If you used sidecar mode, check if the namespace which application pod running has juicefs.com/enable-injection=true label:

# Change to the namespace where the application pod is located
kubectl get ns <namespace> --show-labels

CSI Node pod failure

If CSI Node pod is not properly running, and the socket file used to communicate with kubelet is gone, you'll observe the following error in application pod events:

/var/lib/kubelet/csi-plugins/csi.juicefs.com/csi.sock: connect: no such file or directory

Check CSI Node to debug and troubleshoot. A commonly encountered problem is kubelet being started without authentication webhook, which results in error when getting pod list:

kubelet_client.go:99] GetNodeRunningPods err: Unauthorized
reconciler.go:70] doReconcile GetNodeRunningPods: invalid character 'U' looking for beginning of value

Read our docs on enabling kubelet authentication to fix this.

Mount Pod failure

JuiceFS Client runs inside the mount pod and there's a variety of possible causes for error, this section covers some of the more frequently seen problems.

  • Mount pod stuck at Pending state, causing application pod to be stuck as well at ContainerCreating state

    When this happens, Check mount pod events to debug. Note that Pending state usually indicates problem with resource allocation.

    In addition, when kubelet enables the preemption, the mount pod may preempt application resources after startup, resulting in repeated creation and destruction of both the mount pod and the application pod, with the mount pod event saying:

    Preempted in order to admit critical pod

    Default resource requests for mount pod is 1 CPU, 1GiB memory, mount pod will refuse to start or preempt application when allocatable resources is low, consider adjusting resources for mount pod, or upgrade the worker node to work with more resources.
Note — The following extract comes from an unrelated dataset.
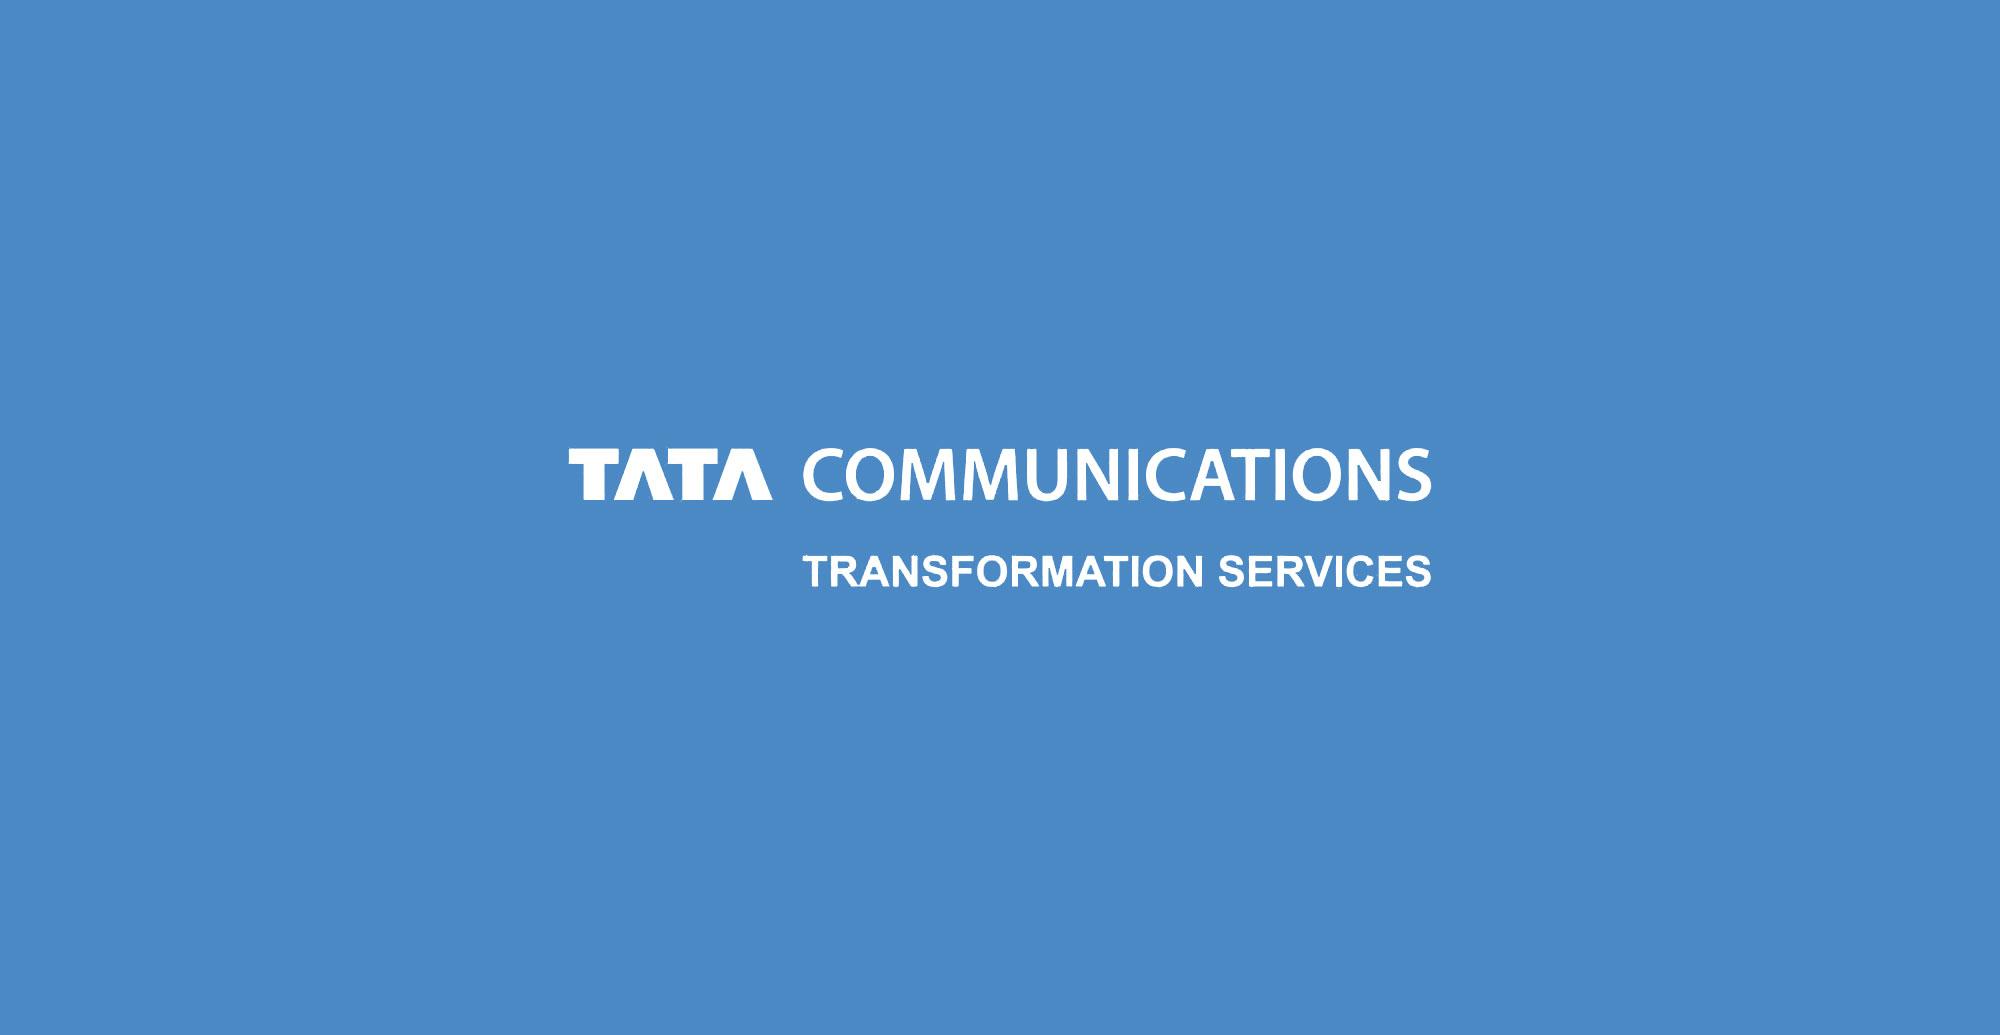 TATA communicationns launches new platform SCDX

  • After mount pod is restarted or recreated, application pods cannot access JuiceFS

    If mount pod crashes and restarts, or manually deleted and recreated, accessing JuiceFS (e.g. running df) inside the application pod will result in this error, indicating that the mount point is gone:

    Transport endpoint is not connected

    df: /jfs: Socket not connected

    In this case, you'll need to enable automatic mount point recovery, so that mount point is propagated to the application pod, as long as the mount pod can continue to run after failure, application will be able to use JuiceFS inside container.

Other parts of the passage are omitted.